Monotropism is a cognitive theory of autism developed by Dinah Murray, Mike Lesser, and Wenn Lawson in the late 1990s and published in its canonical form in 2005. It frames autism not as a deficit, but as a difference in how attention is allocated: monotropic minds direct their attention in a single, deep, narrow channel, while polytropic minds spread it thin across many concurrent streams.

The word comes from the biological concept of tropism — the tendency of an organism to grow or orient itself toward a stimulus. Mono-tropism means "one-directional": attention and interest flow into one attractor at a time, and that attractor pulls everything else into its orbit.

What it explains

Monotropism reframes a long list of autistic traits as consequences of a single underlying mechanism rather than as a collection of unrelated "symptoms":

  • Special interests (better called "attention tunnels" or flow states): the depth and intensity of a monotropic focus on a topic.
  • Difficulty with transitions: switching attention out of a tunnel is costly because the tunnel has accumulated so much momentum.
  • Sensory overload: polytropic filtering lets neurotypical people tune out background noise; monotropic attention pulls all available signals in with the same gain.
  • Literal and detail-focused thinking: a narrow deep channel sees detail that a wide shallow channel misses.
  • Autistic inertia: difficulty starting or stopping tasks, because moving the attentional spotlight is itself the hard part.
  • The joy of flow: monotropic focus is not only a burden. It is often deeply pleasurable, regenerative, and a source of meaning.

Why it matters

Monotropism is increasingly treated as one of the most internally coherent and dignifying frameworks for understanding autism, because it centers the autistic person's lived experience rather than describing autism from the outside in terms of what the autistic person fails to do. Many older models defined autism by listing the things neurotypical people do that autistic people do differently or not at all. Monotropism does the opposite: it starts with how attention actually works from the inside, and lets the rest of the picture fall out of that.

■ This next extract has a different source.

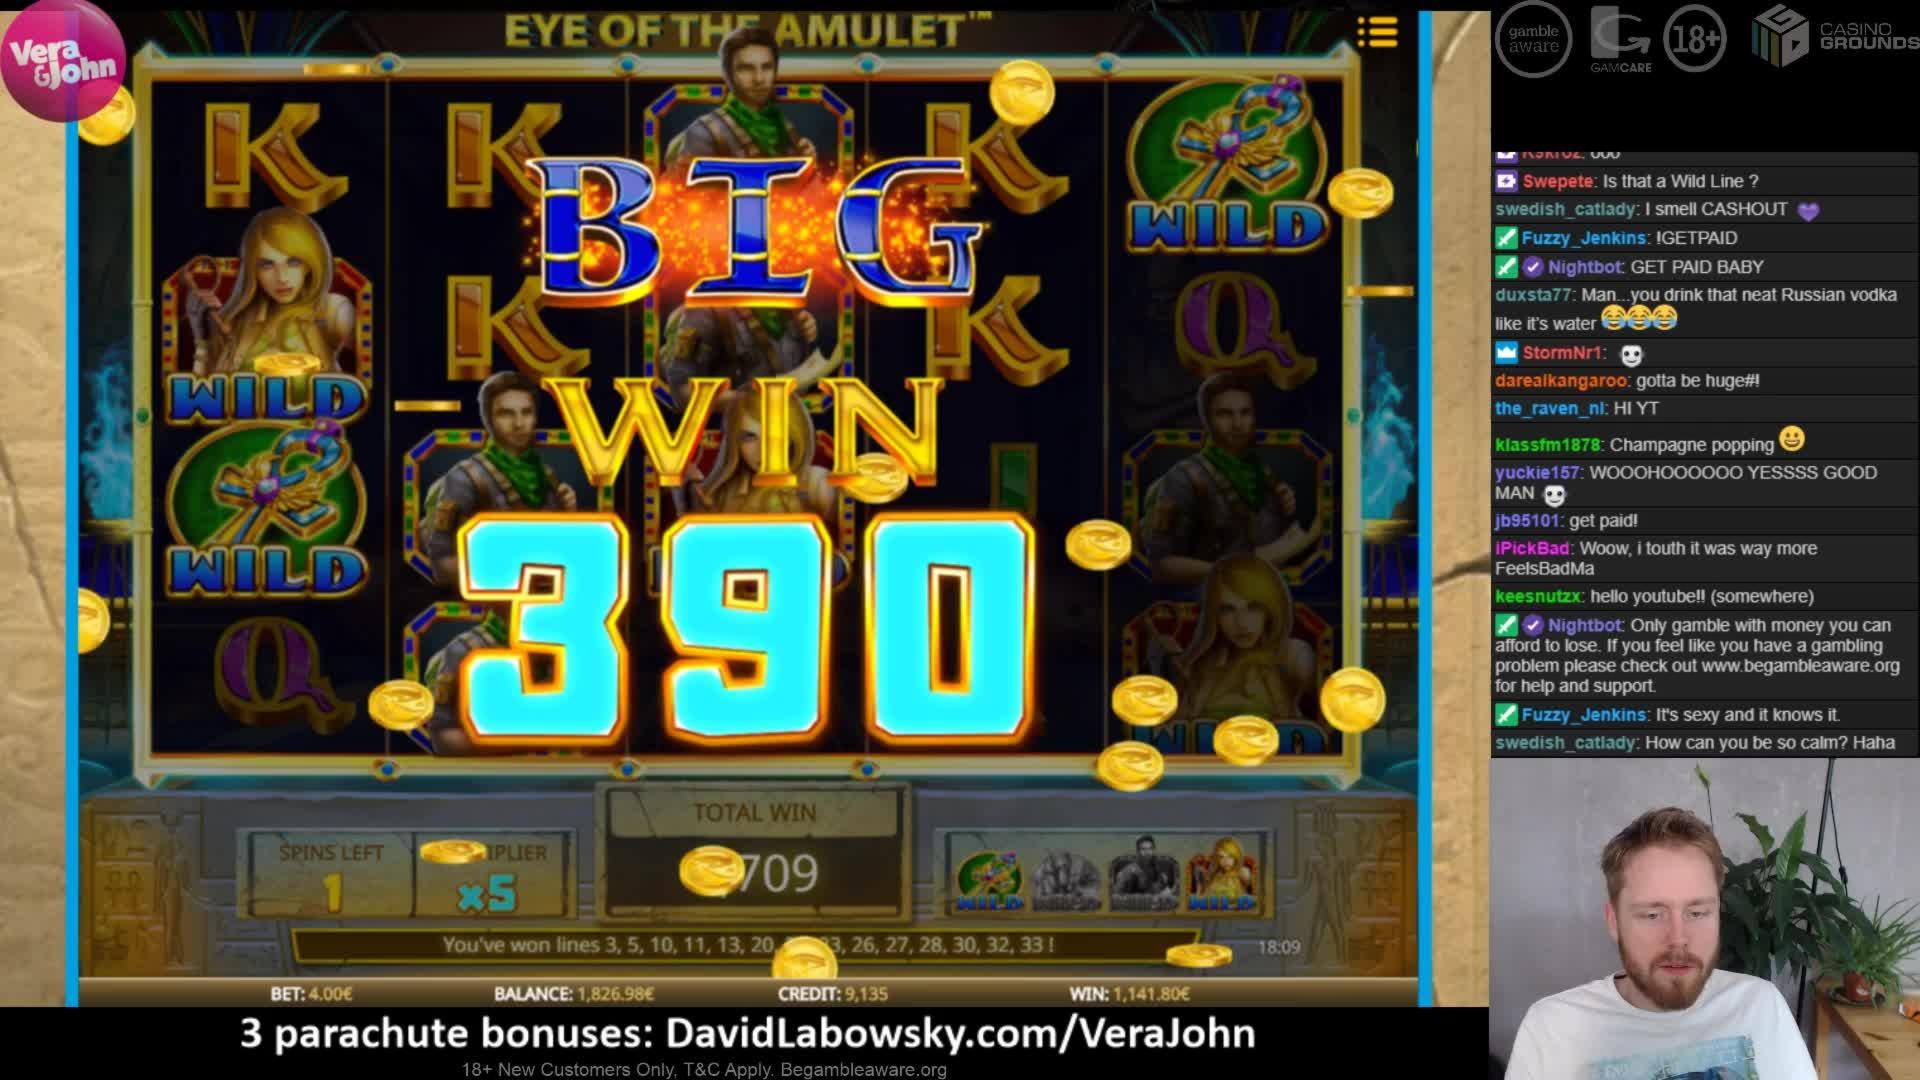 EURO 2810 No deposit bonus code at 7 Sultans Casino
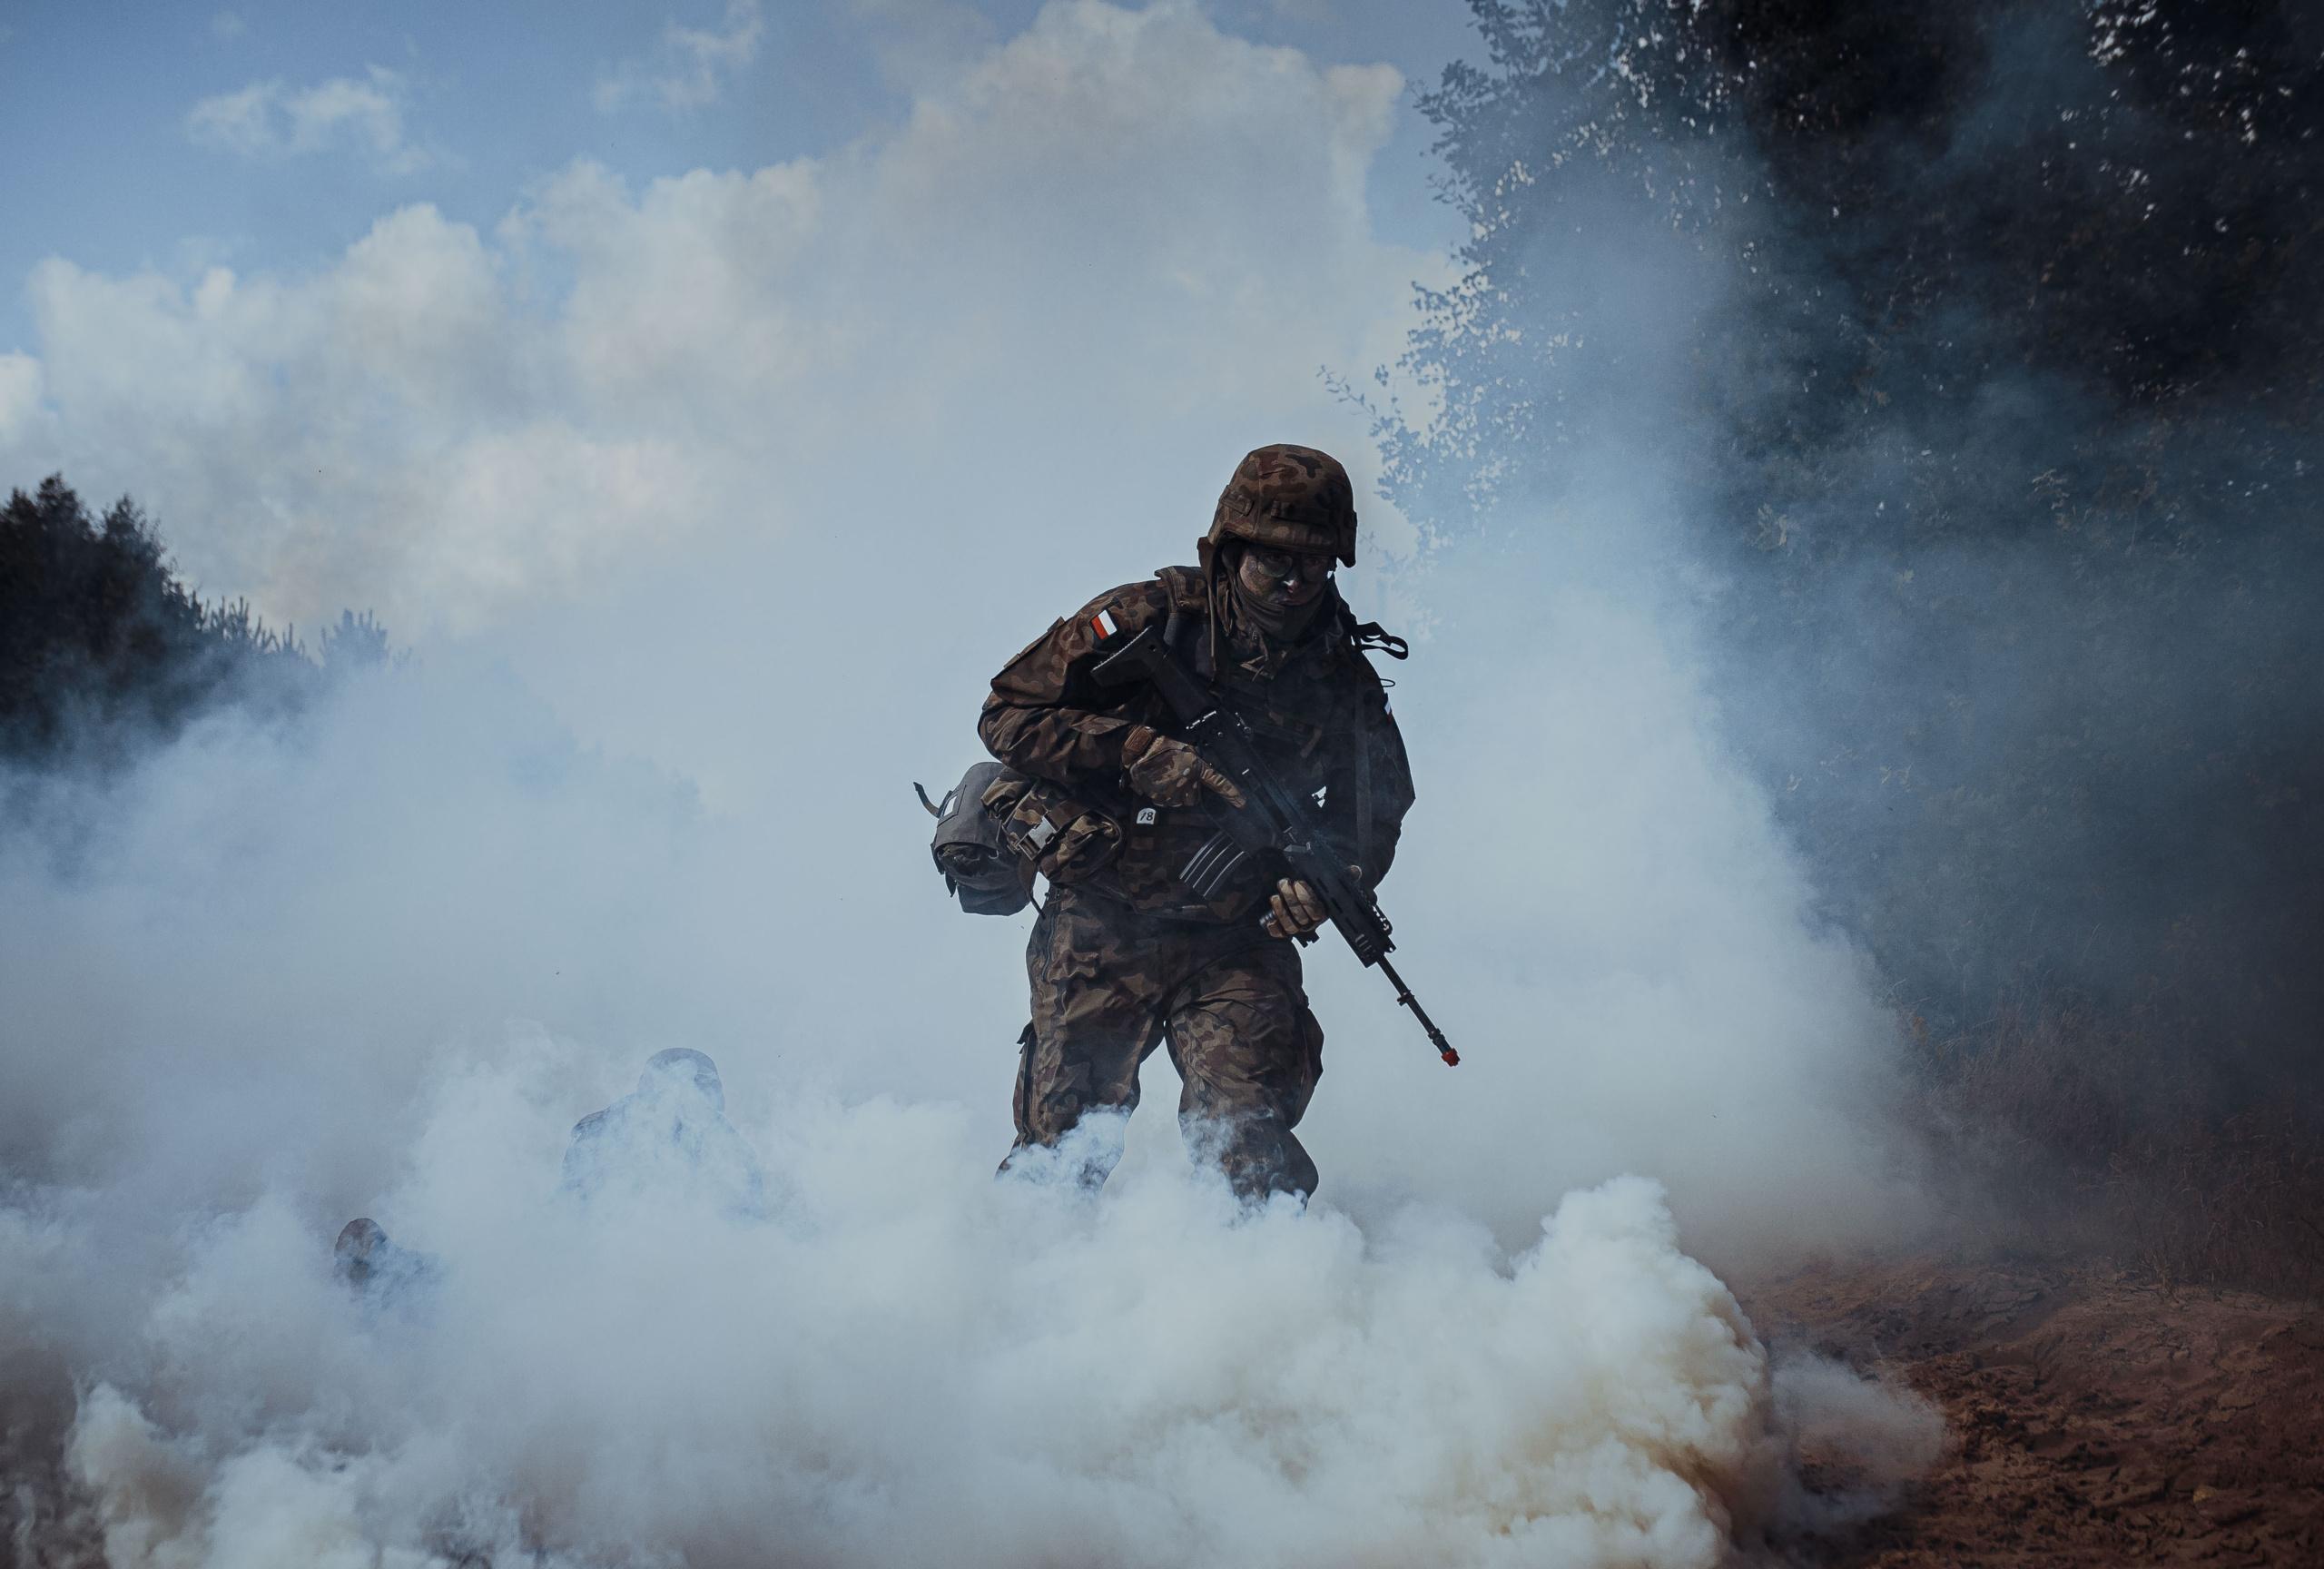 Ciągła rekrutacja do mazowieckich terytorialsów – zgłoś się już dziś na dodatkowe szkolenie w maju!

It is also useful beyond autism. ADHD, in this framing, looks like polytropism with a broken steering mechanism: many channels open at once, but the ability to choose which one wins at any moment is the thing that has slipped. Plenty of people are somewhere along the spectrum between these extremes, and recognising which shape your attention naturally takes is quietly one of the most useful pieces of self-knowledge you can acquire.

The best first read is Murray, Lesser, and Lawson's 2005 paper Attention, monotropism and the diagnostic criteria for autism. It is short, precise, and very rewarding if you or someone you love lives on a single channel.